Blog How to build scalable data pipelines with Snowflake and dbt

How to build scalable data pipelines with Snowflake and dbt

Apr 07, 2025

The demand for high-quality data is accelerating. That’s especially true with the emergence of AI and machine learning use cases. This means analytics engineers need tools that enable them to create, test, document, and deploy data pipelines faster than ever before.

Over the past several years, dbt Labs and Snowflake have both spent a lot of person-power figuring out how to remove friction from the data pipeline development experience. Using the two systems together, analytics engineers can bring new data products from conception to reality quickly—without sacrificing data quality.

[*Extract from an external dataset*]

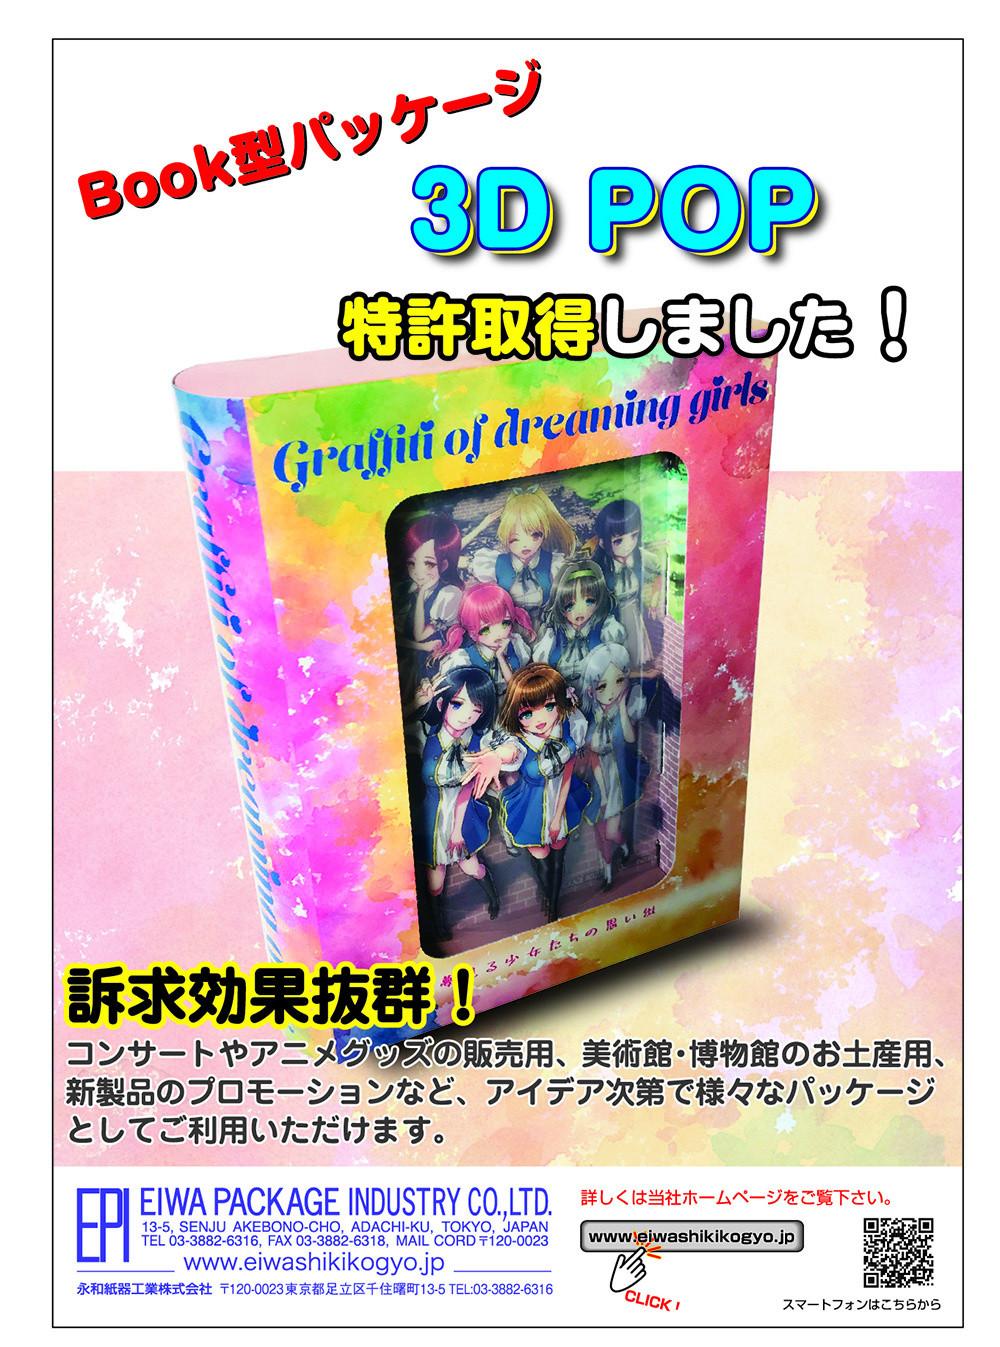 Book型パッケージ 3D POP特許取得

I’ll dive into the benefits of using dbt together with Snowflake, then show the two in action by implementing a data pipeline that analyzes trading profit and loss. I’ll also dig into some advanced use cases, such as leveraging a Large Language Model (LLM) to extract patterns and sentiments from trader execution notes, and discuss other ways that dbt and Snowflake are leveraging AI to accelerate data pipeline production.

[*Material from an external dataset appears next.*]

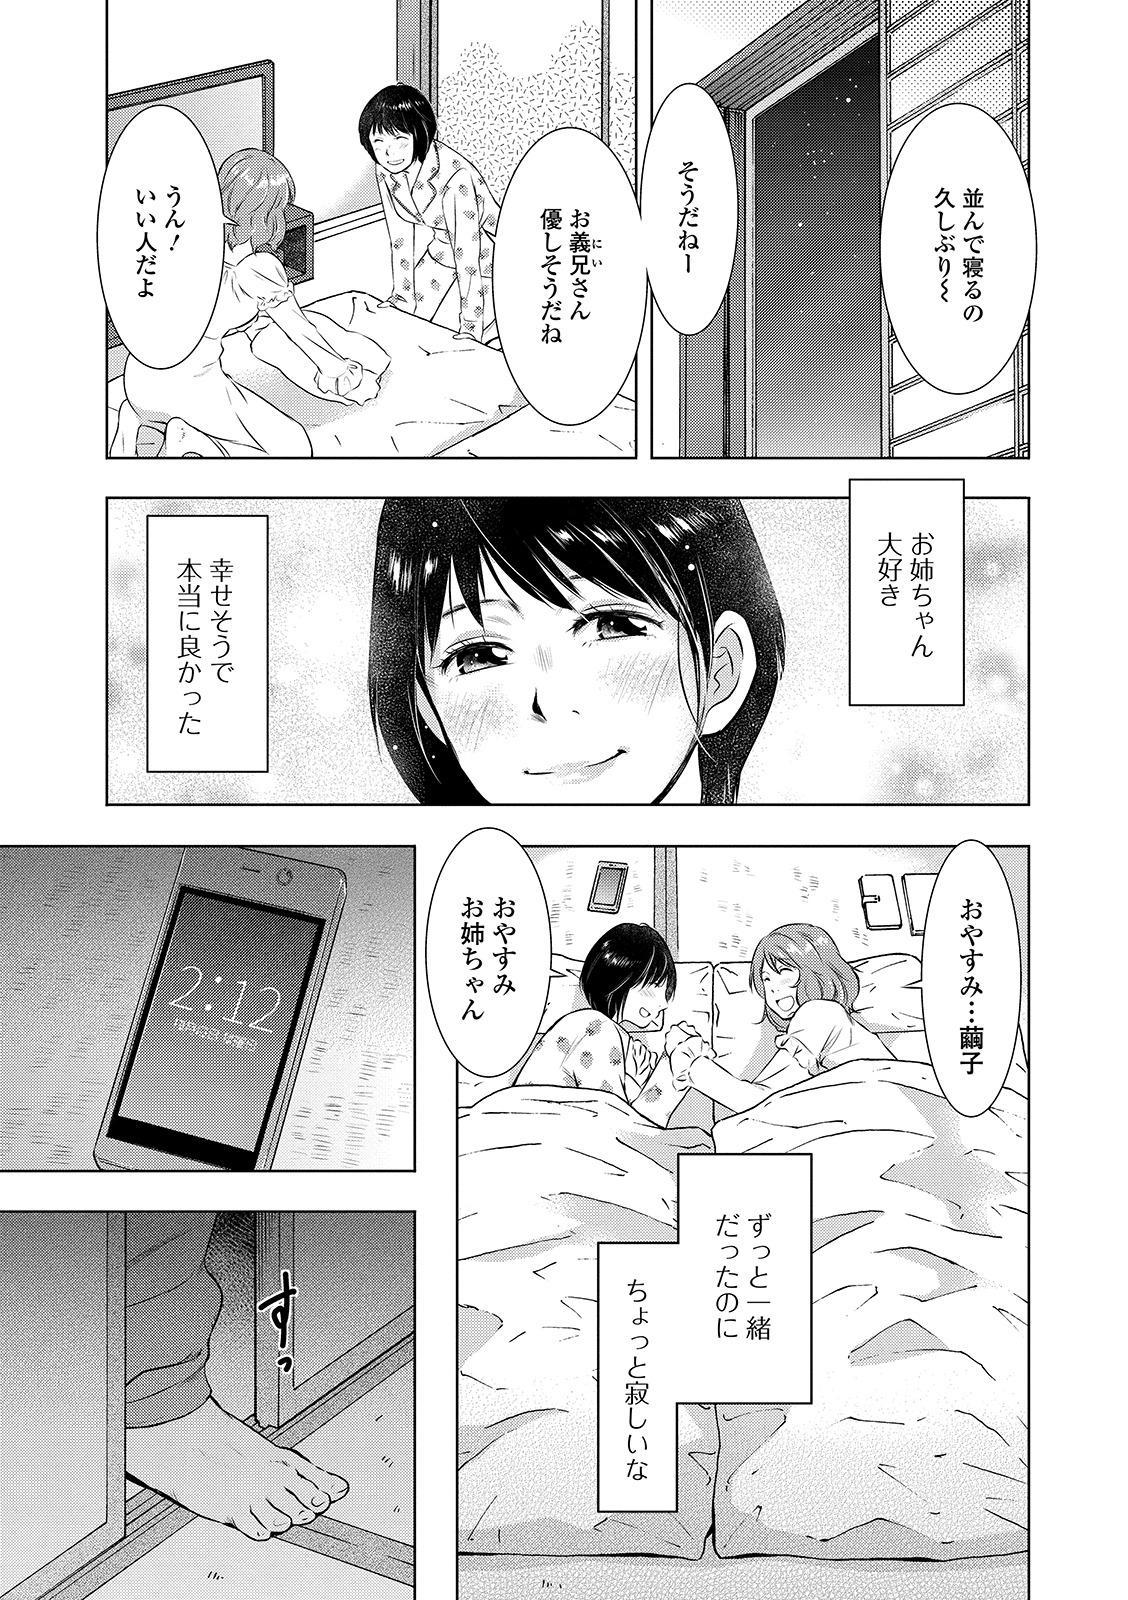 Web Haishin Gekkan Tonari no Kininaru Oku-san Vol. 033 4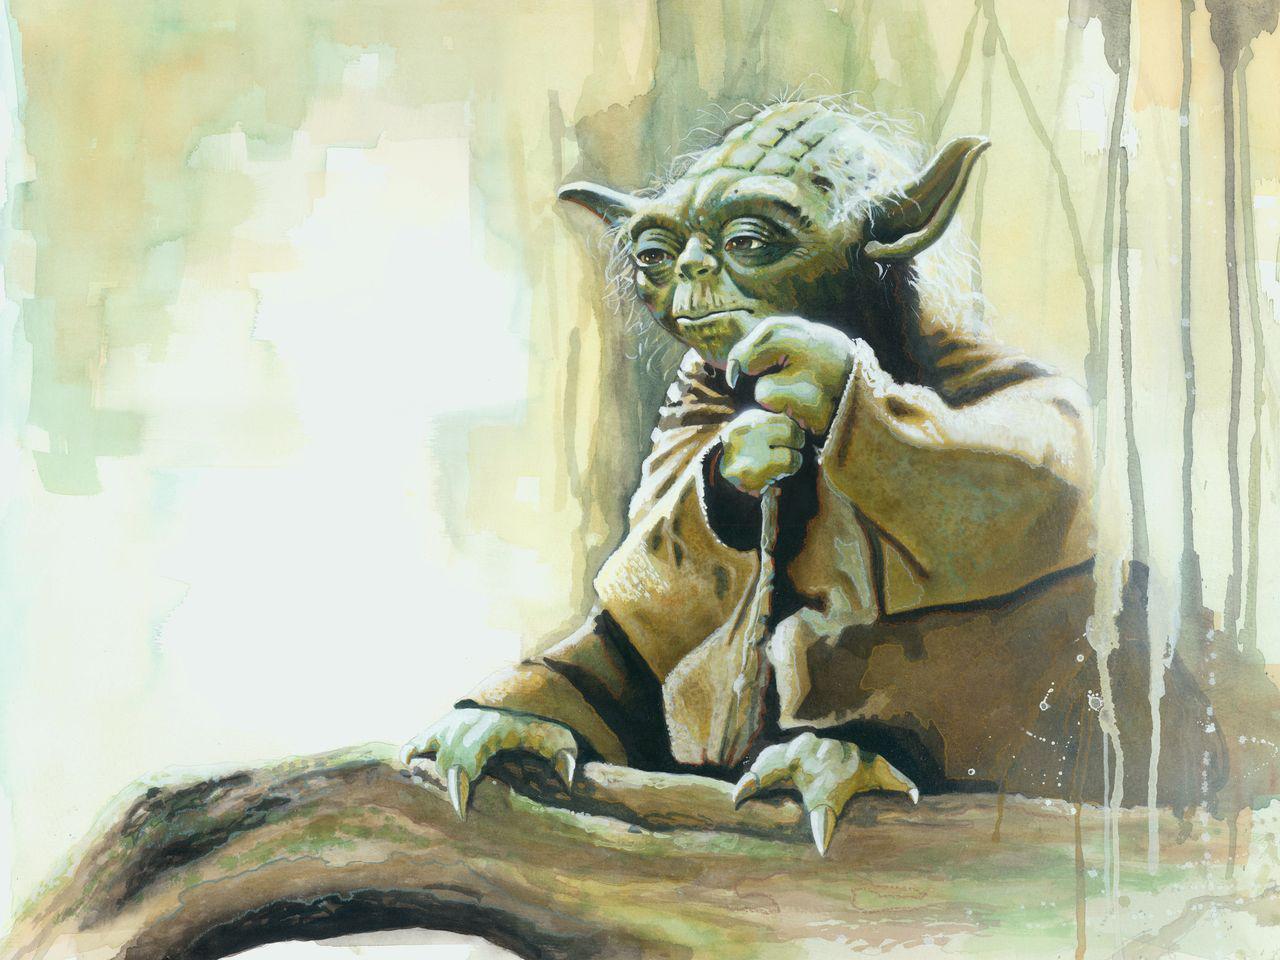 01-Yoda

Watch on-demand: Deploying Data Pipelines with Snowflake and dbt Labs

Why dbt + Snowflake for data pipelines?

dbt is the industry standard for data transformation at scale. It’s a framework that sits on top of your data warehouse and lets anybody who can write SQL statements deploy production-grade pipelines on top of Snowflake.

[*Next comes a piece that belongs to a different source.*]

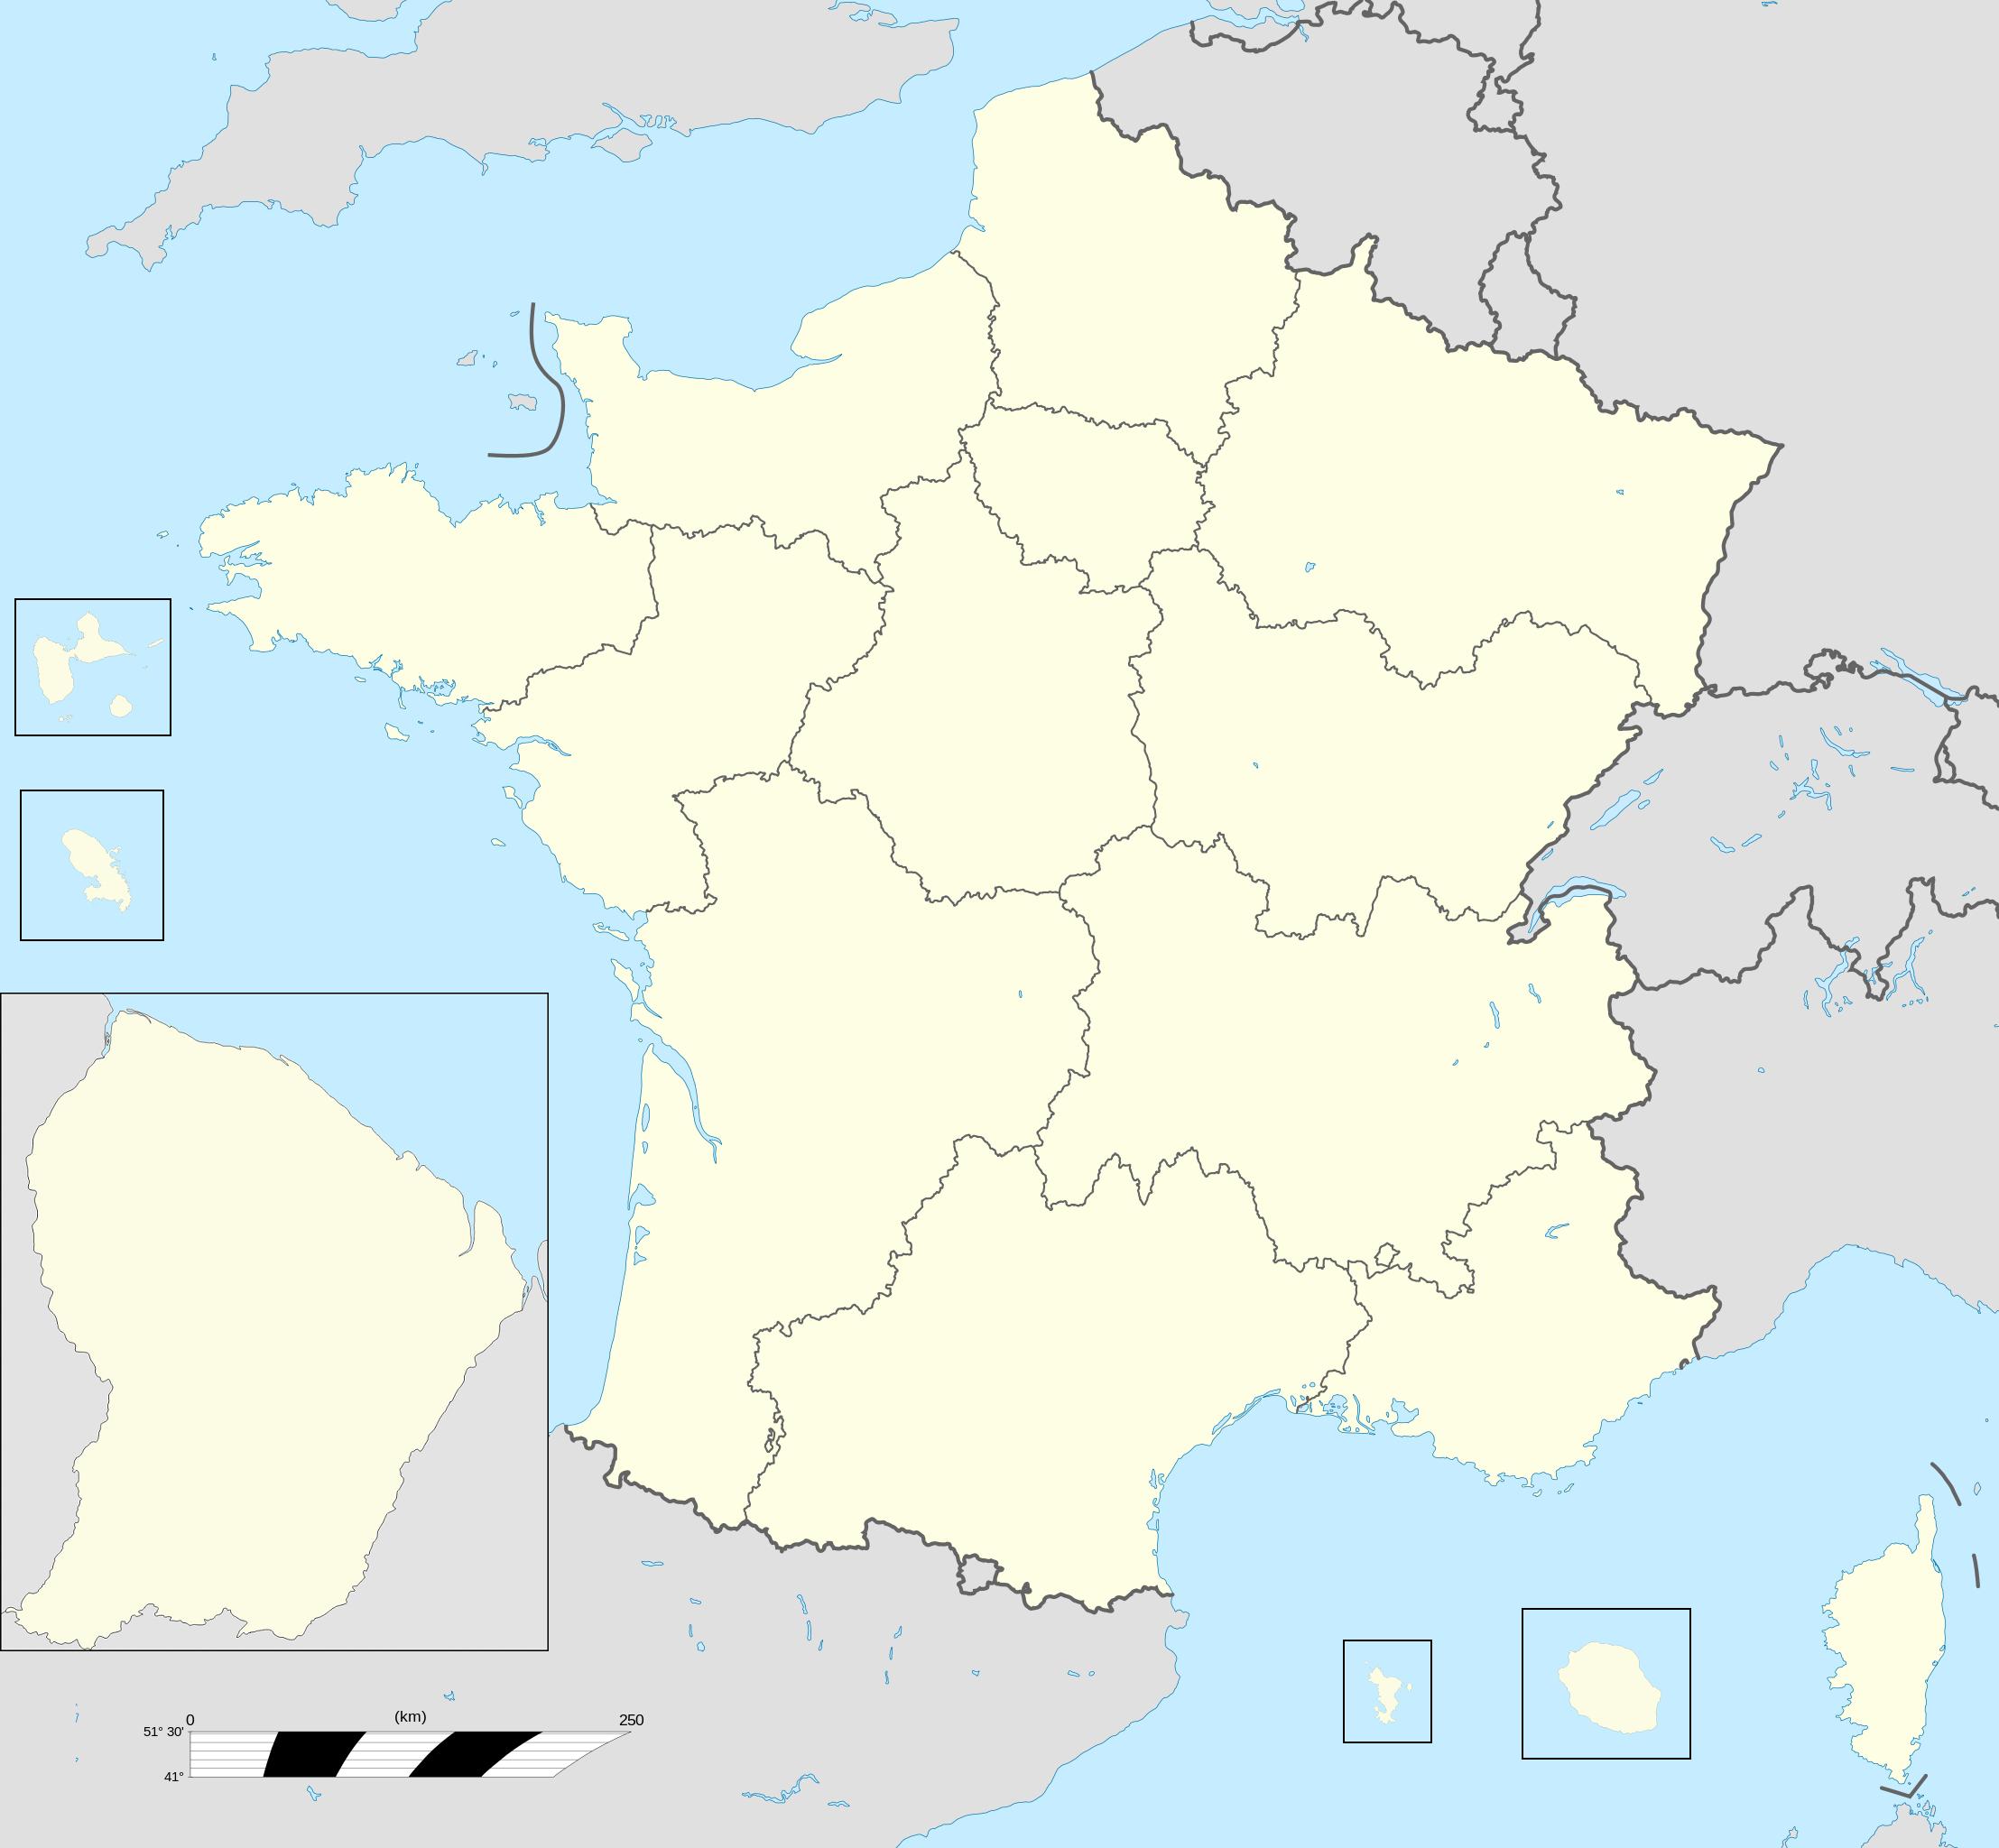 Fransa'nın Bölgeleri - Vikipedi intérieur Carte Region Departement

One thing that makes dbt such a strong framework is that it implements DevOps-style software engineering best practices in the data world. This means that dbt brings ideas like version control and modularity to your data engineering pipelines.

Snowflake is a powerful AI Data Cloud that allows you to build data-intensive applications without the operational overhead. Its unique architecture and years of innovation make it the best platform for mobilizing data in your organization.

Snowflake has also released a number of features that support a DevOps (or “DataOps”) approach to data pipelines. These include source control repository integration via Git, building Snowflake data primitives from your Git repo code, and running scripts and deploying complex objects—data models, Machine Learning (ML) models, native apps, etc.—with the Snowflake CLI. You can also use the Snowflake API from your Python scripts to work with Snowflake in a more Pythonic way.

With dbt plus DevOps support from Snowflake, you can now mix and match features to leverage advanced change management and build flexible Continuous Integration/Continuous Deployment (CI/CD) pipelines. This enables you to elevate your data engineering practices to the next level without resorting to third-party tools such as Terraform.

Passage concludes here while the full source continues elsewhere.